The second day of the site visit focused on how FRB funding supports projects focused on sustainable water resource management and aspen meadow habitat restoration. The Yuba Water Agency manages water resources for flood risk reduction and reliable water supply maintenance in Yuba County, supporting the environment and quality of life of its communities. Water quality in the county relies heavily on the condition of the upper Yuba River watershed. Furthermore, because various homes and communities have been built within and near forests, many lives and properties are vulnerable to the damages of high-severity wildfire. Thus, Yuba Water Agency invested in the first piloted FRB which focuses on forest restoration work in the watershed, protecting residents, communities, and water supply.

Another Yuba I project we learned about was meadow and aspen grove restoration. Aspen groves are biodiversity hotspots, but as surrounding conifers encroach, their water demands alter the hydrologic processes of the meadow. This encroachment can dry out the ecosystem and hurt biodiversity levels. In cases of ecologically inappropriate tree growth, an effective restoration treatment is to remove the trees. Most of these encroaching conifers in Yuba I units are lodgepole pine, a species with almost no marketable value. FRB’s collaboration with Honey Lake Power, however, has given these trees a purpose. They are one of the main sources of woodchips for the plant’s clean energy program.

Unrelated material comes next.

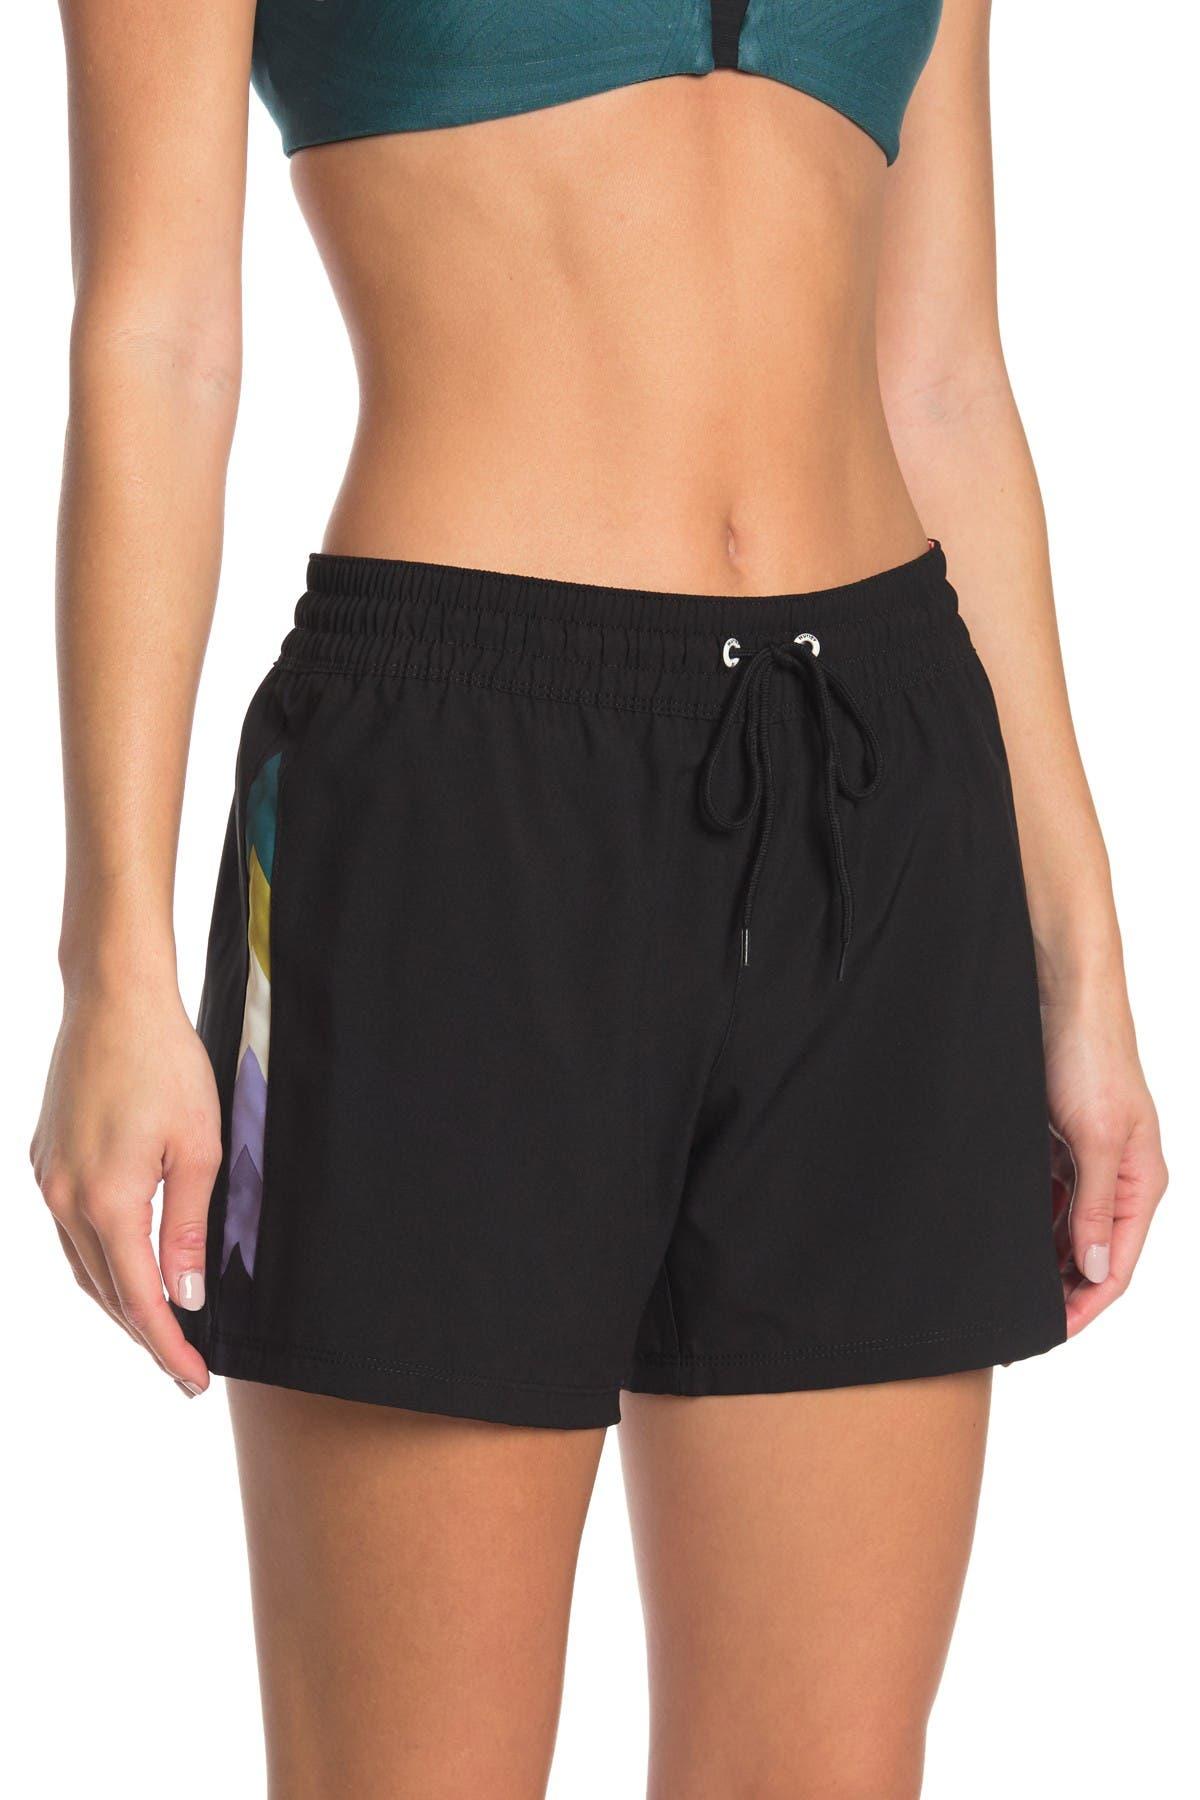 Image of Hurley Supersuede Playa 5 Volley Shorts

Active work site for Yuba I meadow restoration

Impact of FRB

In 2021, 7.1 million acres of land were burned, resulting in $70-90 billion in total damage and cumulative economic loss during wildfire season in the U.S. By the end of 2021, Blue Forest Conservation had raised over $29 million for FRB forest restoration projects like the Yuba projects we learned about during the site visit. Together, Yuba I, which is in progress and is expected to finish in 2022, and Yuba II, which began in 2021, protect over 63,000 acres from severe wildfire. I left the site visit incredibly inspired by Blue Forest’s efforts and Calvert Impact’s supportive investments. I’m excited to work on future projects with them after learning about the catastrophic effects of wildfires on vulnerable communities and ecosystems.